To catch exhaustions early, create a simple wrapper that logs every __next__ call and raises a custom exception if called after exhaustion. This turns silent failures into loud crashes during development.

Example: class LoggingGen: def __init__(self, gen): self.gen = gen; self.exhausted = False; def __iter__(self): return self; def __next__(self): if self.exhausted: raise RuntimeError('Generator already exhausted!'); try: return next(self.gen); except StopIteration: self.exhausted = True; raise. Then wrap your generator: gen = LoggingGen(my_generator()). The first consumer that fully iterates will set the flag, and any subsequent attempt to iterate will raise RuntimeError.

Frequently asked questions

Can I reset a generator to start over?

No. Generators have no reset mechanism. The only way to iterate again is to call the generator function again to get a new generator object. If you need multiple iterations, either store the output (list) or use itertools.tee.

Why doesn't list() on a generator raise an error the second time?

list() simply iterates the generator until StopIteration. The first time, it collects all items. The second time, the generator immediately raises StopIteration, so list() returns an empty list. No error is raised because StopIteration is expected to signal the end of iteration.

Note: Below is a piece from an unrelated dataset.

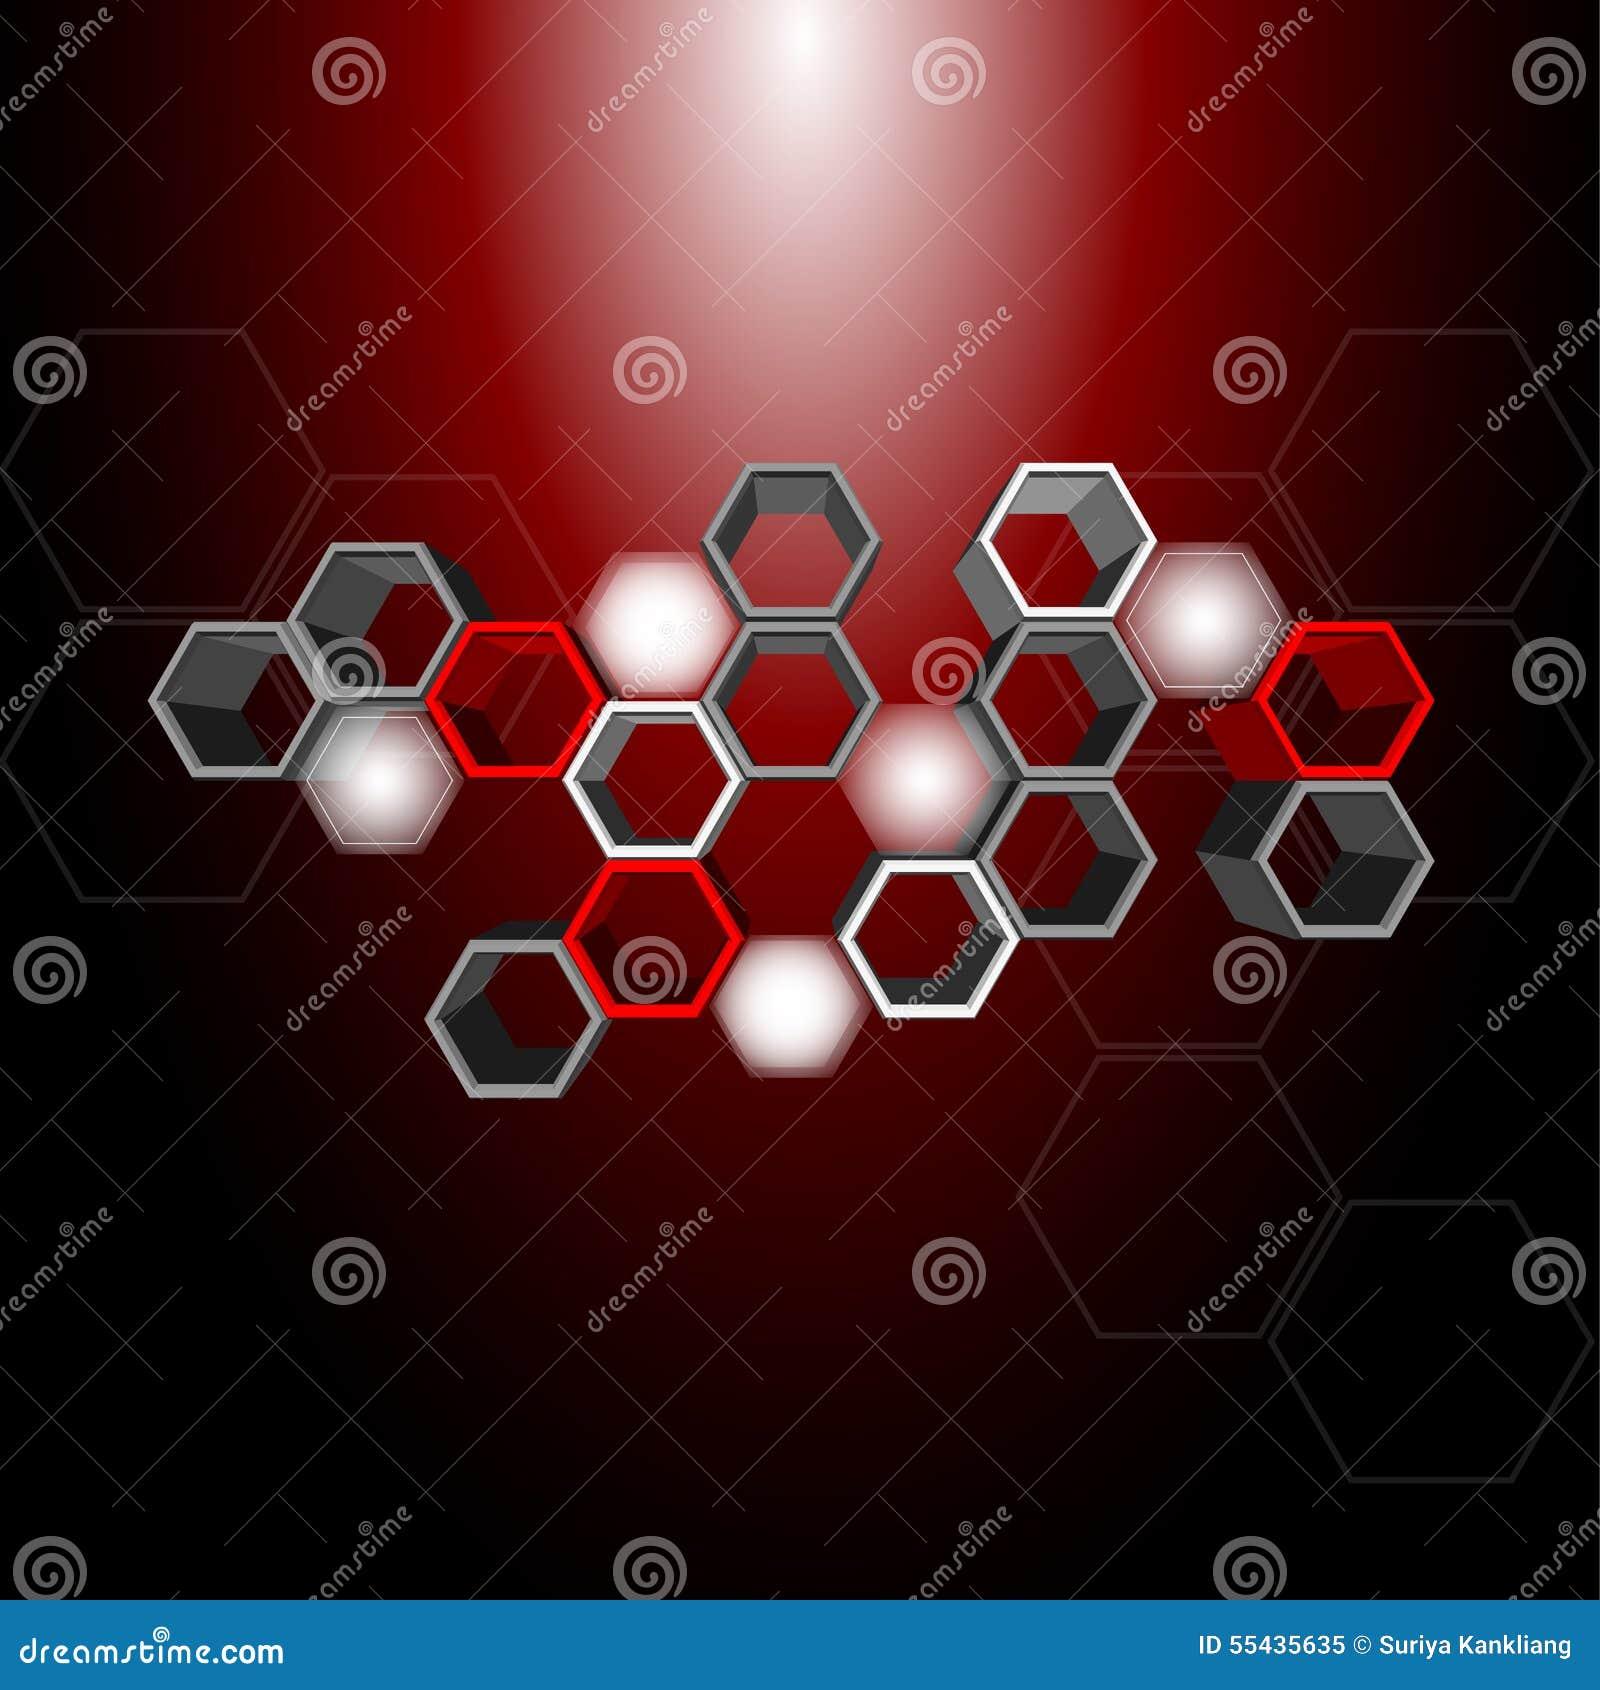 3d hexagon pattern stock vector image 54997696 - 3d Hexagon Pattern Royalty Free Stock Photo

How does itertools.tee work? Does it store everything in memory?

itertools.tee creates a buffer that stores items as they are produced by the original iterator. Each tee'd iterator reads from this buffer. If one iterator falls behind, the buffer grows. If the original iterator is infinite and the iterators diverge, memory will fill up. For finite iterators, tee is memory-efficient because it only stores items that haven't been consumed by all iterators yet.

What's the difference between a generator and an iterator?

Every generator is an iterator, but not every iterator is a generator. An iterator is any object with a __next__ method that raises StopIteration when done. A generator is a specific type of iterator created by a generator function or generator expression. Both are single-use. The exhaustion problem applies to all iterators, but generators are the most common source because they are often created on the fly.

Can a generator be used as a context manager?

Yes, using contextlib.contextmanager. But that pattern also yields once and cannot be reused. If you use a generator as a context manager, you can only enter the context once. Attempting to re-enter will fail because the generator is exhausted.